Some small, romantic part of her wanted to believe that she and Neil had just happened to be thrown into a situation together and they were making the best of it. She liked the thought that maybe, just maybe, he was falling for her against his better judgment. But then again, that just wasn’t their arrangement.
Ceana was so lost in thought that she barely avoided colliding with a villager carrying two very large, very full pints of ale. She pivoted out of the way, spinning with some difficulty to find her footing, and nearly ran straight into Jeanie.

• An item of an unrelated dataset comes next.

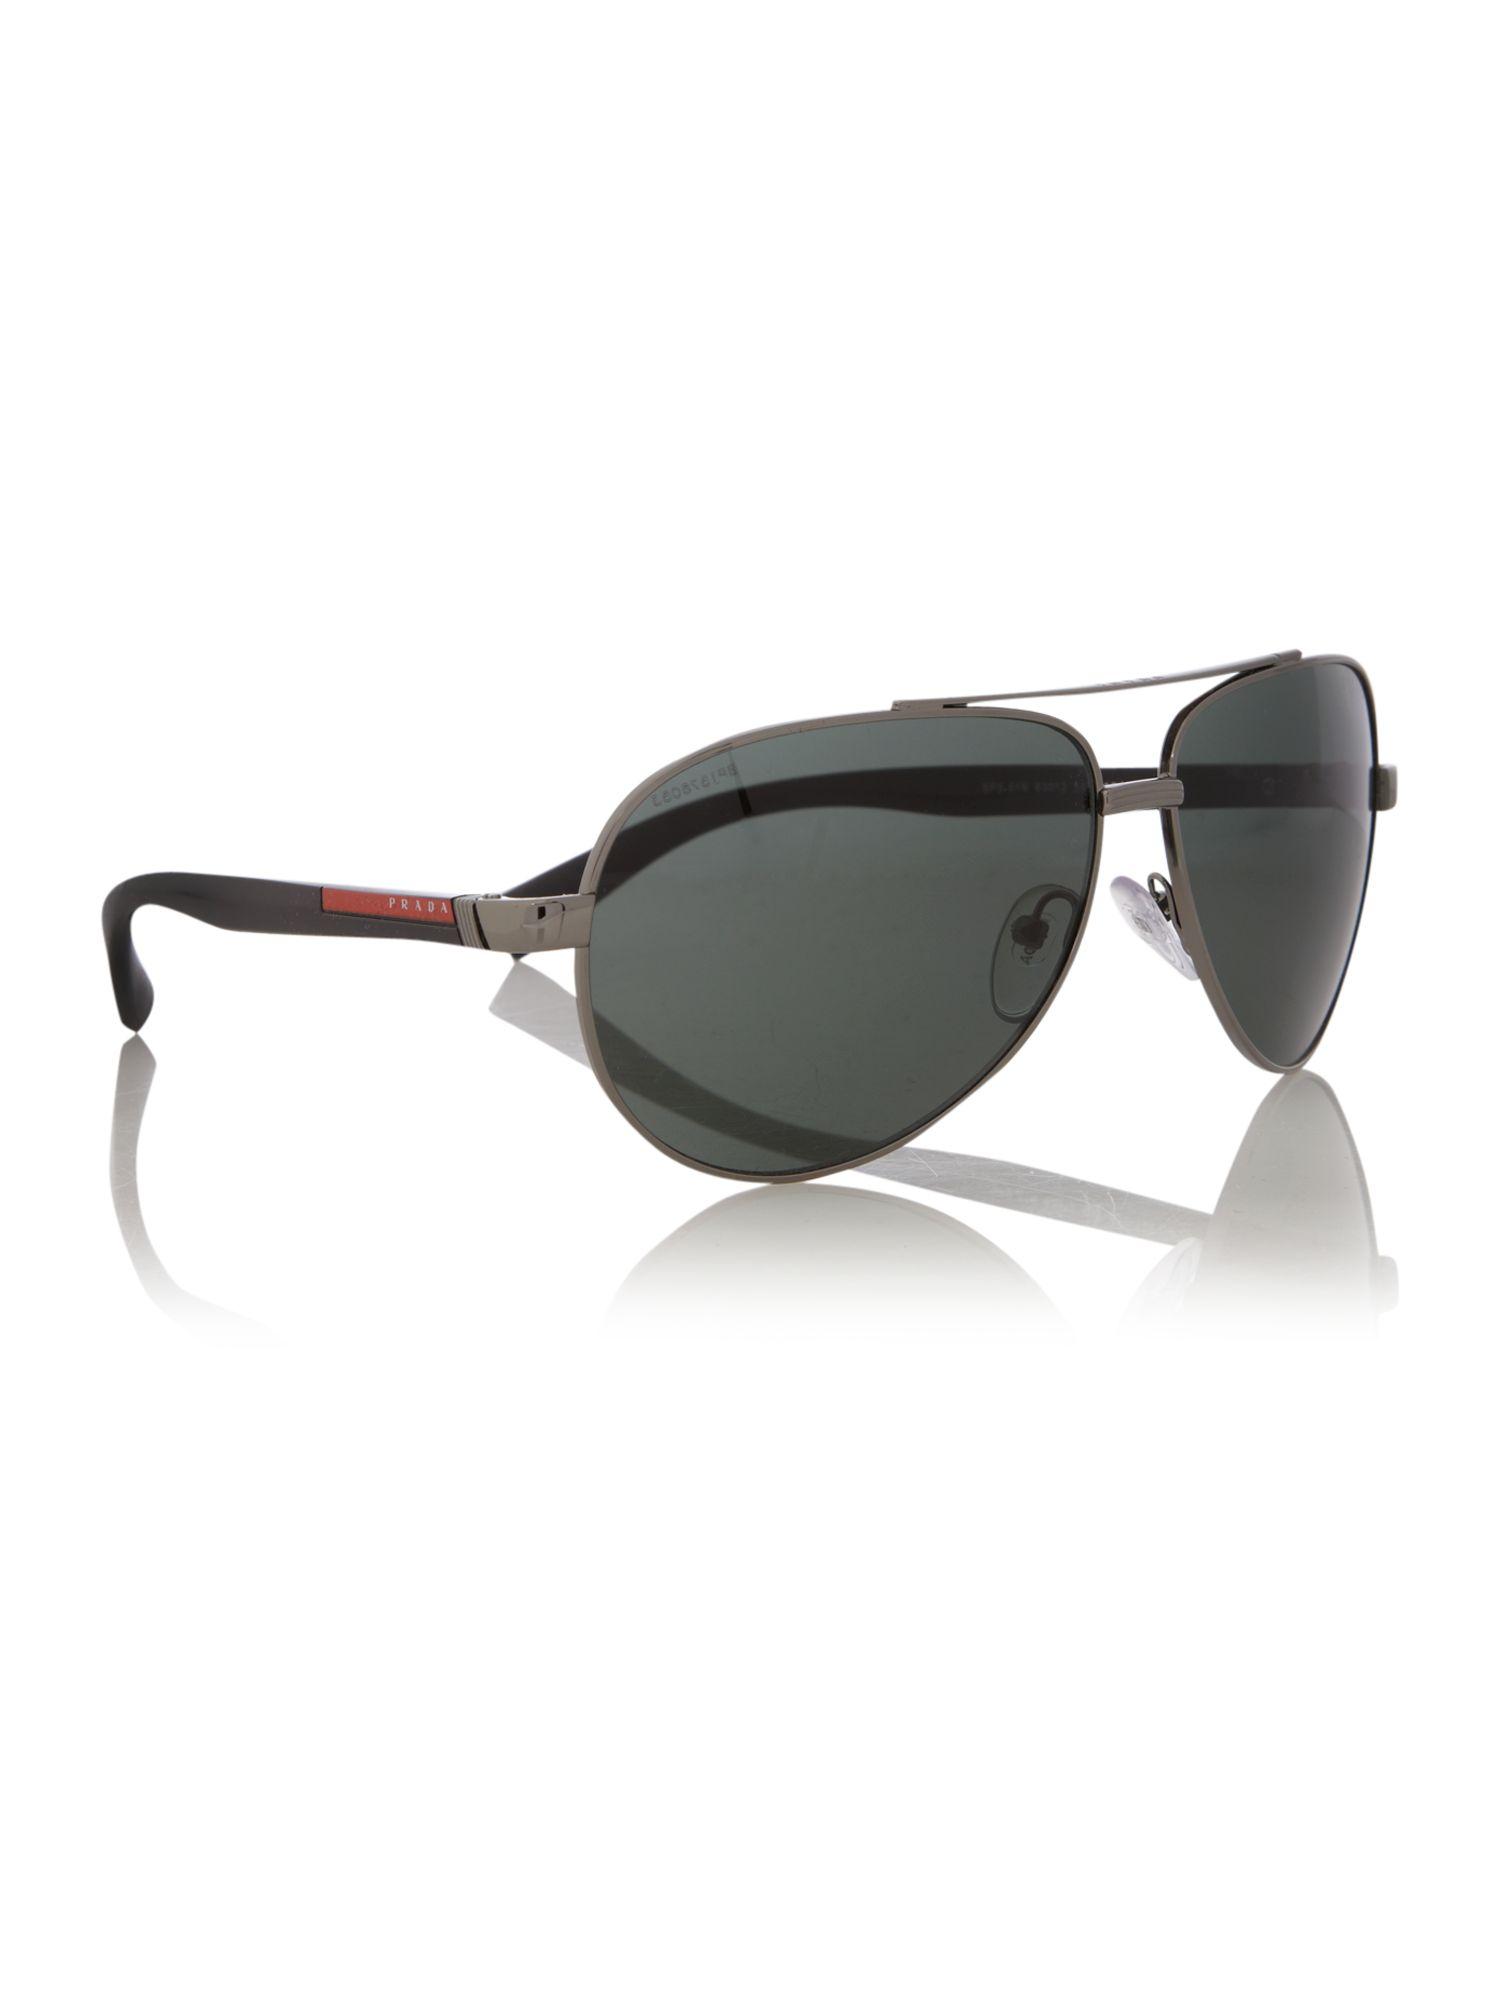 560007e0f856 Men s Red Prada Sunglasses

“There ye are, Ceana!” Jeanie exclaimed, grabbing hold of Ceana’s skirt and immediately pulling her toward the dance floor.
“Careful now, or ye’ll throw me off balance!” Ceana protested, still feeling slightly off-kilter. “Were yer ears ringin’?”

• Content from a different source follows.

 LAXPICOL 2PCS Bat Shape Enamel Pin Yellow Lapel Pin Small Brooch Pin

“What does that mean?” Jeanie asked over her shoulder with a toothy grin.
Ceana skipped forward so she wouldn’t be dragged along. “I just mean that I was thinkin’ about ye and yer pretty dress!”
Jeanie’s grin widened. “I was dancin’! But maybe I wasnae dancin’ as well as ye do—ye are a very skilled dancer, after all. Ye promised to teach me, remember?”
Ceana felt her face flush at the compliment. “I do remember. I dinnae ken if I’m avery skilleddancer, but I do enjoy meself. That’s the secret!”
“Ersie says that, too! But she says that she has two left feet and a handful of thumbs!”
“Ersie doesnae have anything of the sort! Her skills are just more suited to a battlefield. I could never dance across a fight the way she does with her sword, mind ye. It’s just a different sort of dancin’ entirely. No less pretty for it either!” Ceana complimented.
If she were being honest, she had never seen anybody move around with as much grace and fluidity as she had seen Ersie do so many times ever since she met her, thanks to Emily and Freya.
“But Ersie wouldnae teach me how to dance, and ye said ye will. Can we start now? Please?”
“Well, since ye’re askin’ so nicely, I cannae deny ye, lass,” Ceana relented as they stepped behind the circle of people moving rhythmically around one another.
The small band playing in the corner was half drunk, but they were all having more fun as a result.
Jeanie blushed, keeping her hand in Ceana’s as they waited for their turn to join the circle. “Thank ye!”
“Well, I cannae say that I ken all the right steps, and I can be clumsy at times, but dancin’ is just so very freein’, ye ken?” Ceana bunched her skirt in her free hand and waited for Jeanie to do the same before she tightened her grip on her hand. “Ready? We have to move fast now. But if ye stumble, just keep goin’! The best way to learn is by doin’, ye ken.”
Jeanie’s smile could have lit up the night as she nodded readily.
Ceana waited until the beat was right and then yanked the pair of them into the circle. It was mostly just her pulling Jeanie along for a good portion of the dance, as the younger girl had to learn the steps and how to move without being jostled about by the people around her.